Well.....999 for #001 is fair enough in this case. just my 0.02


----------



## Alto458 (Mar 4, 2014)




----------



## Alto458 (Mar 4, 2014)




----------



## Alto458 (Mar 4, 2014)




----------



## Slonie (Jan 21, 2015)

krpdm said:


> Sumo LE 50th Anniversary, to keep the Shogun company.

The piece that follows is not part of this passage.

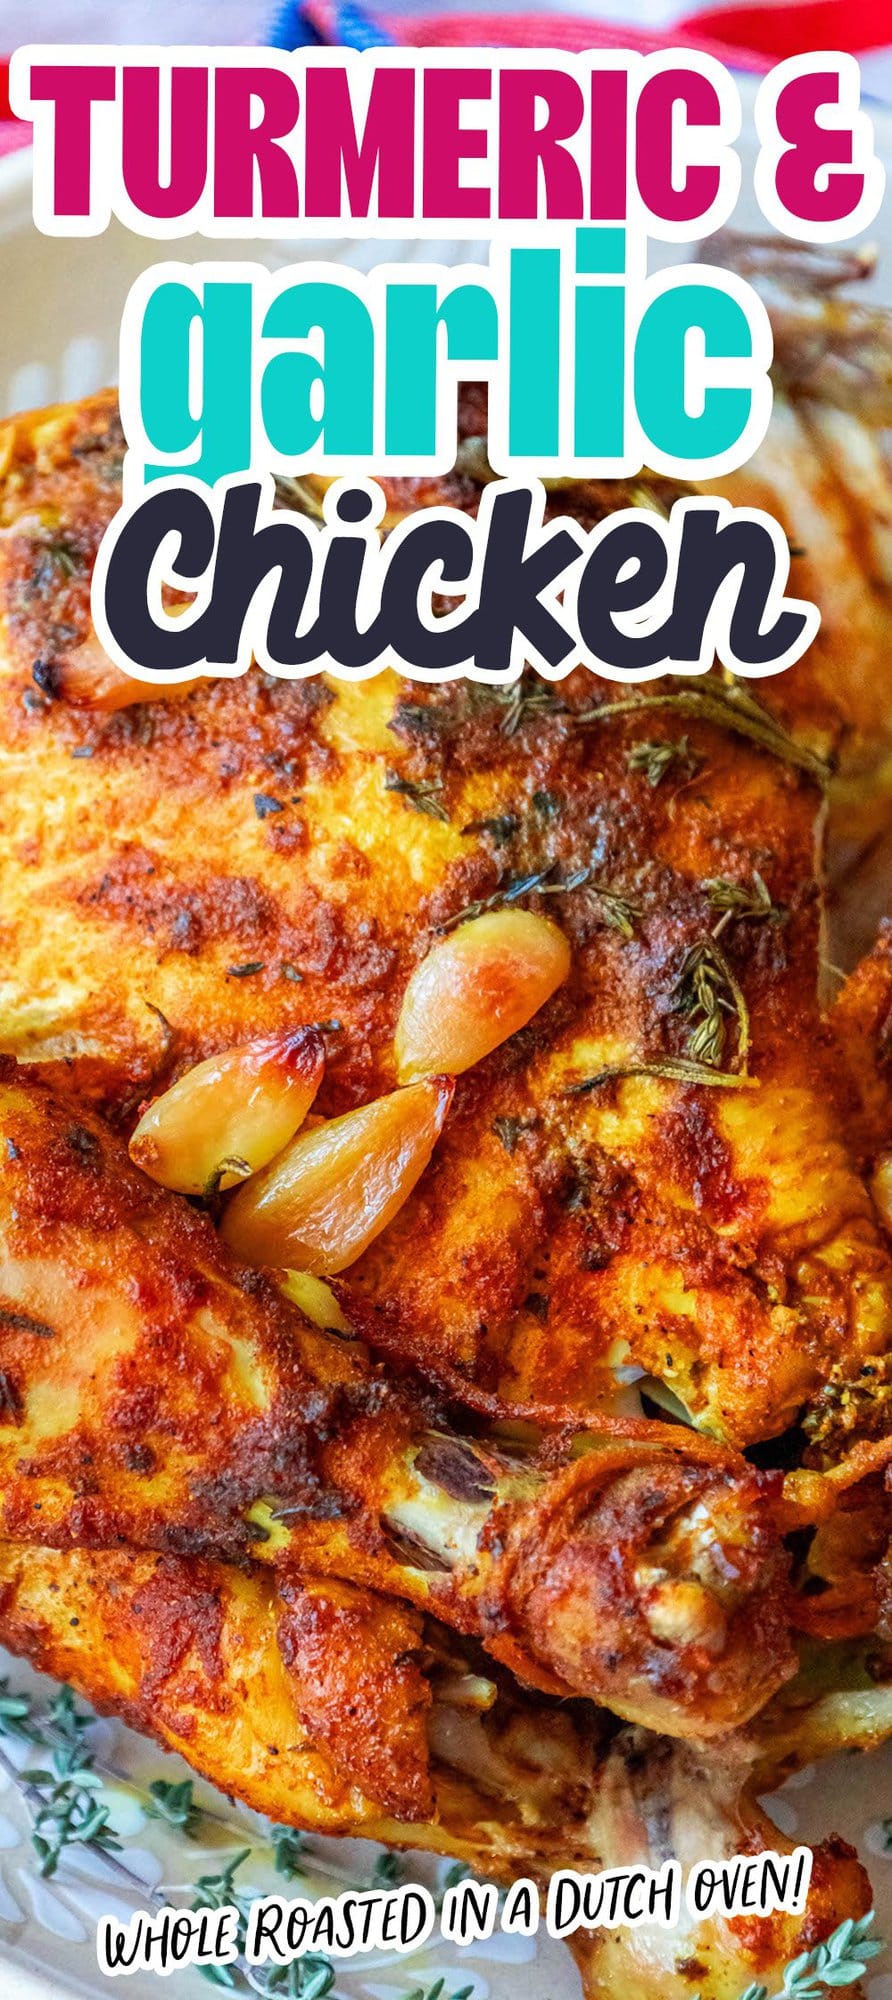 roasted chicken with garlic turmeric rub on a dish

Well, I've got half the combo! The Shogun keeps tempting me though...


----------



## Millbarge (Apr 3, 2014)

bigduke6 said:


> Serial number 001 on Ebay for 999 US if anyone is interested.





Robotaz said:


> $1K for #1 is worth if you are strictly collecting, easily.





teaman2004 said:


> Well.....999 for #001 is fair enough in this case. just my 0.02


misaligned chapter ring =(


----------



## Alto458 (Mar 4, 2014)

teaman2004 said:


> Well.....999 for #001 is fair enough in this case. just my 0.02


Can't find the link of this item


----------



## Buellrider (Mar 31, 2014)

Seiko PROSPEX Limited 50th Anniversary Sumo SBDC027 Serial Number 0001 | eBay


----------



## Alto458 (Mar 4, 2014)

Buellrider said:


> Seiko PROSPEX Limited 50th Anniversary Sumo SBDC027 Serial Number 0001 | eBay


Thanks


----------



## bigduke6 (Jan 23, 2013)

Don't think chapter ring is misaligned, but rather the bezel needs another click?


----------



## Millbarge (Apr 3, 2014)

bigduke6 said:


> Don't think chapter ring is misaligned, but rather the bezel needs another click?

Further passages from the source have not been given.